The Israeli intelligence assessment of Iraq has been examined by the
Israeli military as well as the Knesset Foreign Affairs and Relations
Committee. The report called for an investigation by what it termed an
independent professional body that was not linked to political parties.
The report said Israeli intelligence on Iraqi capabilities resembled its
counterparts in the United States and other Western countries. Israeli
intelligence failed to obtain information regarding Iraqi WMD and
missile programs since the 1995 defection of Saddam Hussein's son-in-law,
Hussein Kamel.
But Israeli intelligence, despite lack of supporting evidence, decided
that Iraq had succeeded in concealing a growing missile and WMD program in
wake of the 1998 departure of United Nations inspectors, the report said.

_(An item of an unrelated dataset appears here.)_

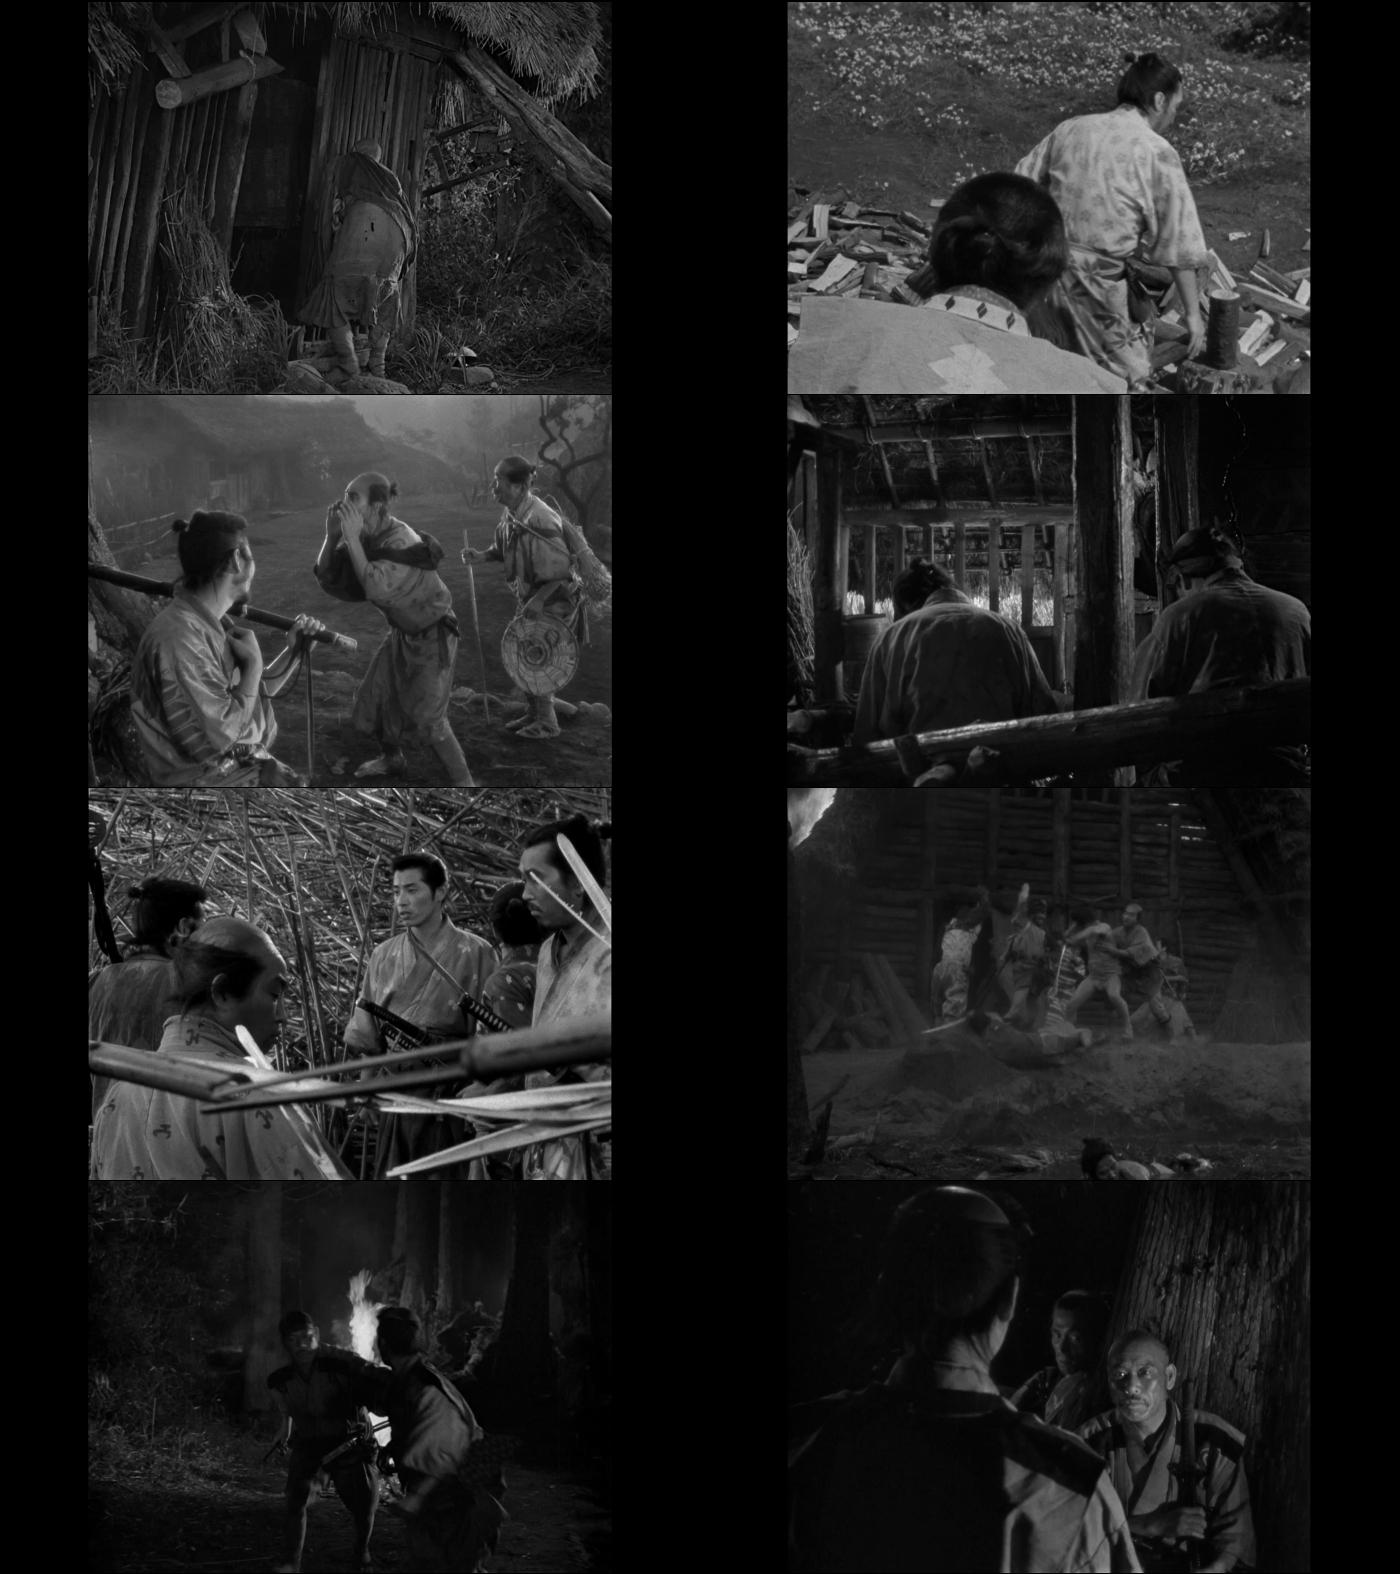 Los siete samurais 1080p

Brom attributed this to what he termed a "dogmatic conception" that has
plagued Israeli intelligence since the 1973 Arab-Israeli war as well as a
lack of technical understanding within military intelligence of how missiles
operate.
Over the last 30 years, the report said, Israeli military intelligence
has preferred to submit worst-case scenarios that are largely
unsubstantiated. The
concept assumes that a worst-case scenario only improves military readiness
and produces no harm.
"Intelligence analysts feel that by giving bleak assessments they
decrease the threat to themselves," the report said. "If the assessment ends
up being correct they will be heroes, and if it ends up being untrue, no one
will give them any trouble because everyone will be pleased that their bleak
prophecies did not materialize. When this is the psychological state of
intelligence analysts, biases and serious distortions result."
The report suggests that Israeli military intelligence might have been
influenced by the U.S. perception of the Iraqi WMD threat. Israel and the
United States have disagreed on the extent of many threats in the Middle
East and the Jewish state has long felt that Iraqi WMD capability was
exaggerated.
"The United States was wont to emphasize the Iraqi threat, while Israel
tended to express its understanding that the Iraqi threat was contained and
under control, and it was the Iranian threat that loomed as far more
serious," the report said. "Once the Bush administration decided to take
action against Iraq, it was more difficult for Israel to maintain its
position that dealing with Iraq was not the highest priority, especially
when it was obvious that the war would serve Israel's interests. Considering
the circumstances, it would therefore be difficult to expect the Israeli
government to express its doubts Ñ if any Ñ about Iraq's capabilities."